Momento da Sinceridade
por
Luiz Roberto Londres
A crítica dura acirra ânimos. Não faz mal. Minhas considerações não são de ordem pessoal. Não gosto de sua atuação na função em que se encontram. Não me sinto representado.*
A crítica dura acirra os ânimos, é verdade. A tendência, nesses casos, é uma reação quase imediata e irrefletida da outra parte. Na maioria das vezes não é indicada, vale mais uma colocação que faça o outro refletir e não simplesmente reagir. Mas há momentos em que esse tipo de colocação suave suscita, na outra parte, nada mais do que comentários vazios e um dar de ombros com algum incômodo, tentando aparentar um desdém.
Pois bem, acredito que a nossa sociedade está chegando a um limite do seu tratamento cerimonioso, diplomático ou político. Há tempos ouvi uma frase que, com pequenas modificações, pode ser aplicada à realidade da vida: "Os meios tendem a se tornarem fins em si mesmos." Olhamos a nosso redor e vemos isso acontecer. As missões das instituições estão se apagando, em função dos interesses particulares - sejam esses dos proprietários ou dos gestores.

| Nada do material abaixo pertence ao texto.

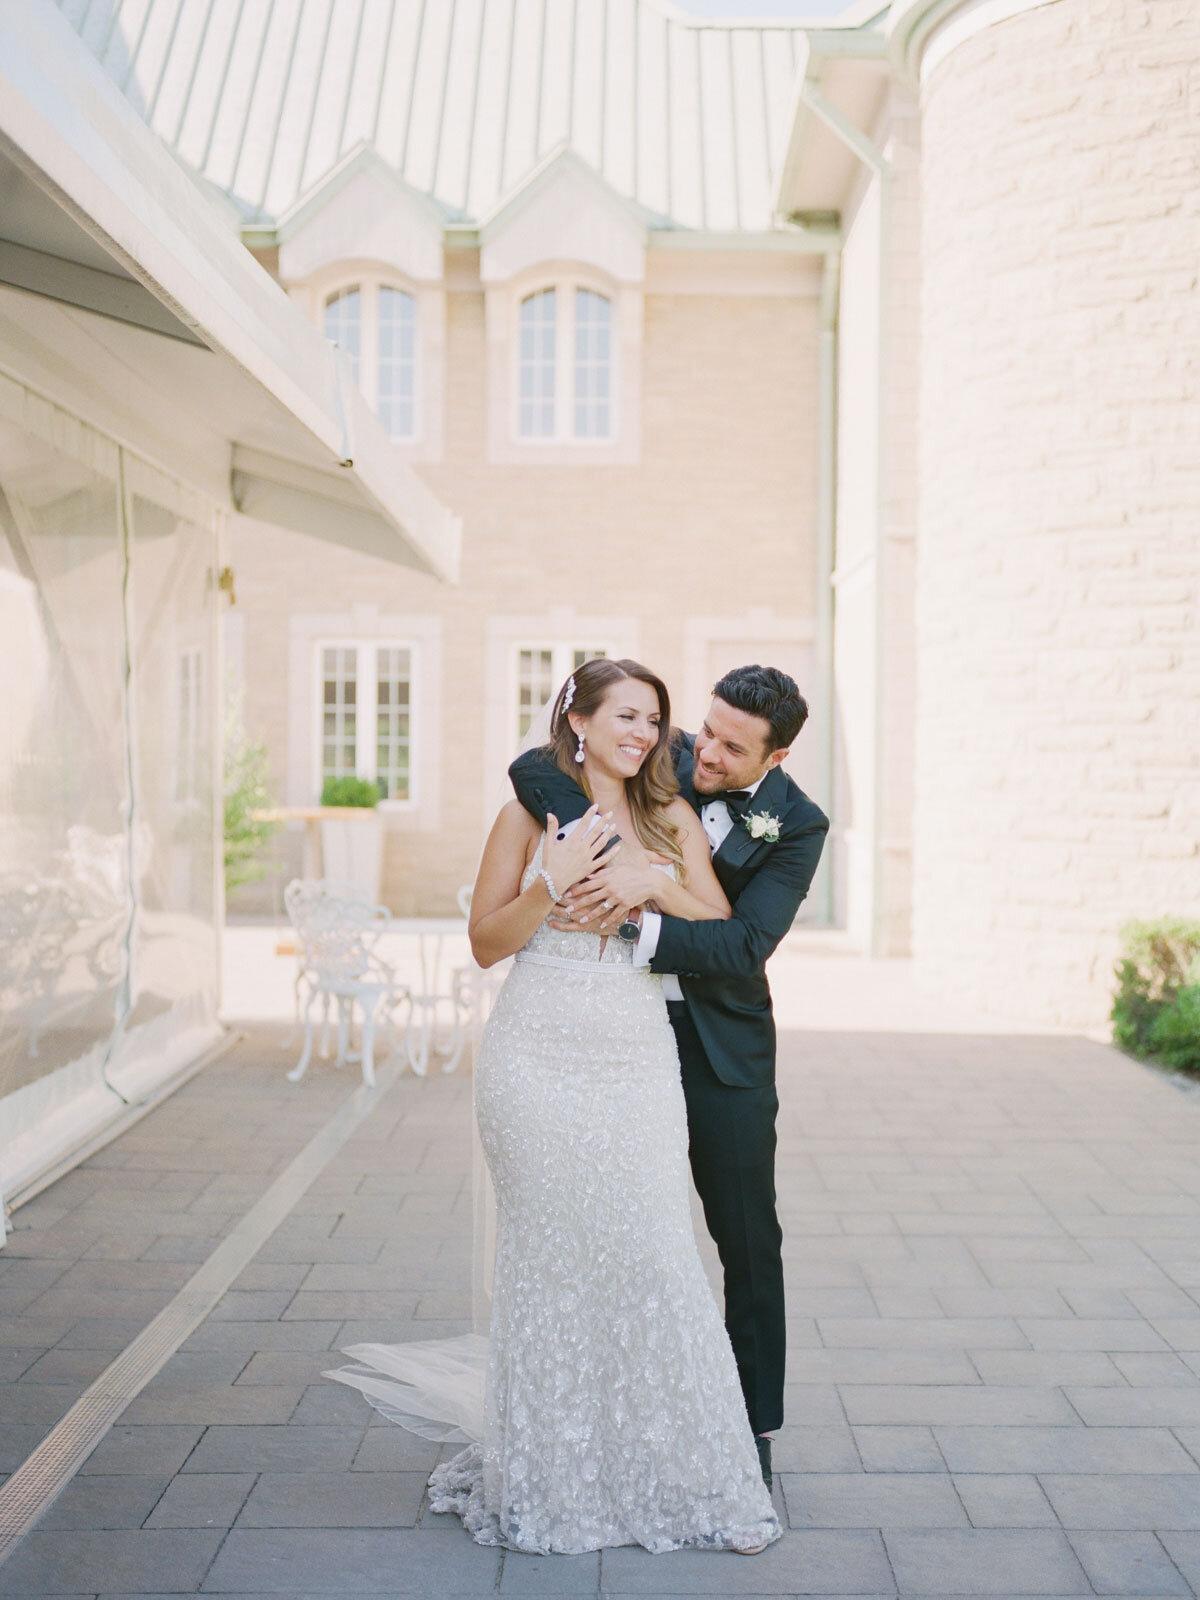 Chateau-des-Charmes-Wedding-Summer-Vineyard-Bride-Niagara-on-the-Lake-photos-by-Gemini-Photography-Ontario-0045.jpg
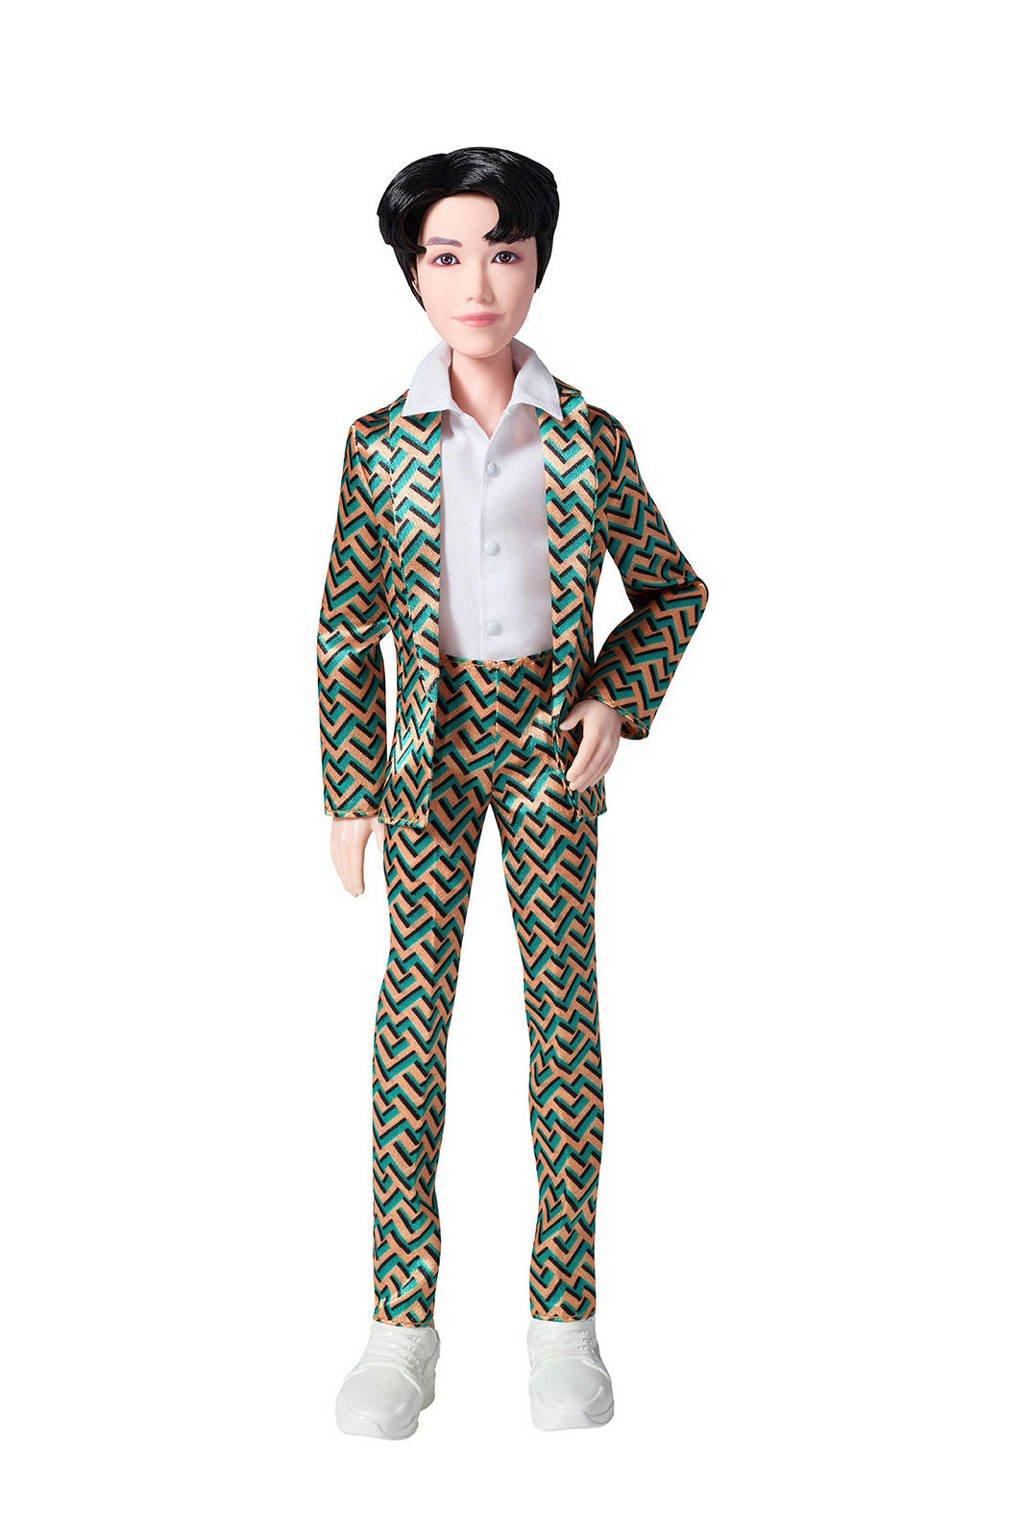 Mattel BTS Core J-Hope modepop

Alguns setores de finalidade eminentemente social se perdem na busca de números. Vemos um Jornalismo moribundo - ou morto, segundo a Revista Imprensa - interessado apenas em venda de exemplares, índices de audiência, anúncios e patrocinadores. A eles vendem a sua missão de informar e esclarecer. Vemos uma Medicina cambaleante, vendida a interesses de intermediários e fornecedores de materiais - Hipócrates está sendo esfaqueado pelas costas. Vemos uma Educação apagada, fragmentada, a formatar em vez de formar pessoas.
Mais grave e mais gritante fica essa situação quando passamos à esfera pública ou mesmo de coletividades. Em quase todos os seus níveis vemos a apropriação de postos ou entidades que deveriam servir a terceiros para que representantes se sirvam desse postos ou dessas entidades. Associações e sindicatos passam a ter donos, ou seja, dirigentes "vitalícios", valendo-se do cargo para proveito próprio. Além disso, através de manobras escusas, se reelegem por diversas vezes ou "impõem" seus sucessores.
Chegamos, finalmente, aos "donos do poder" que, em uma real democracia, nada mais são que os representantes do verdadeiro detentor do poder - o Cidadão. A noção atual de Autoridade mostra o distanciamento que existe entre a teoria da Democracia e a prática na qual vivemos. O poder do cidadão se limita a uns parcos minutos em que deposita numa urna o seu voto. Freqüentemente o eleitor mal se lembra em quem votou. Isso sem falar em votos comprados que se aproveitam da inconsciência da população. E dizem - pior, achamos - que isso é Democracia.
Vemos, acomodados e inertes, a manipulação da qual somos vítimas.
Vemos o esgarçamento do pensamento e das ações verdadeiramente sociais.
Vemos as leis oportunistas que beneficiam uns poucos.
Vemos os comportamentos imorais e impunes de altíssimas figuras do poder.
Vemos os desmandos que fazem com nosso dinheiro.
Vemos, apesar disso, a sua continuidade nos cargos que ocupam.
Sim, passamos de protagonistas a meros espectadores de nossas vidas. Se quisermos reverter esse quadro, é fundamental que tenhamos acesso a um sentimento que está adormecido e que o coloquemos para fora com todas as nossas forças em todos os momentos em que isso for possível. E é imprescindível que esse sentimento passe à ação e que fique claro que todos os nossos representantes saibam e sintam na pele que, pelo seu comportamento e pelo seu desinteresse em relação às suas missões, Não me sinto representado.
*Palavras de Ronaldo Gomlevsky, editor da Revista Menorah.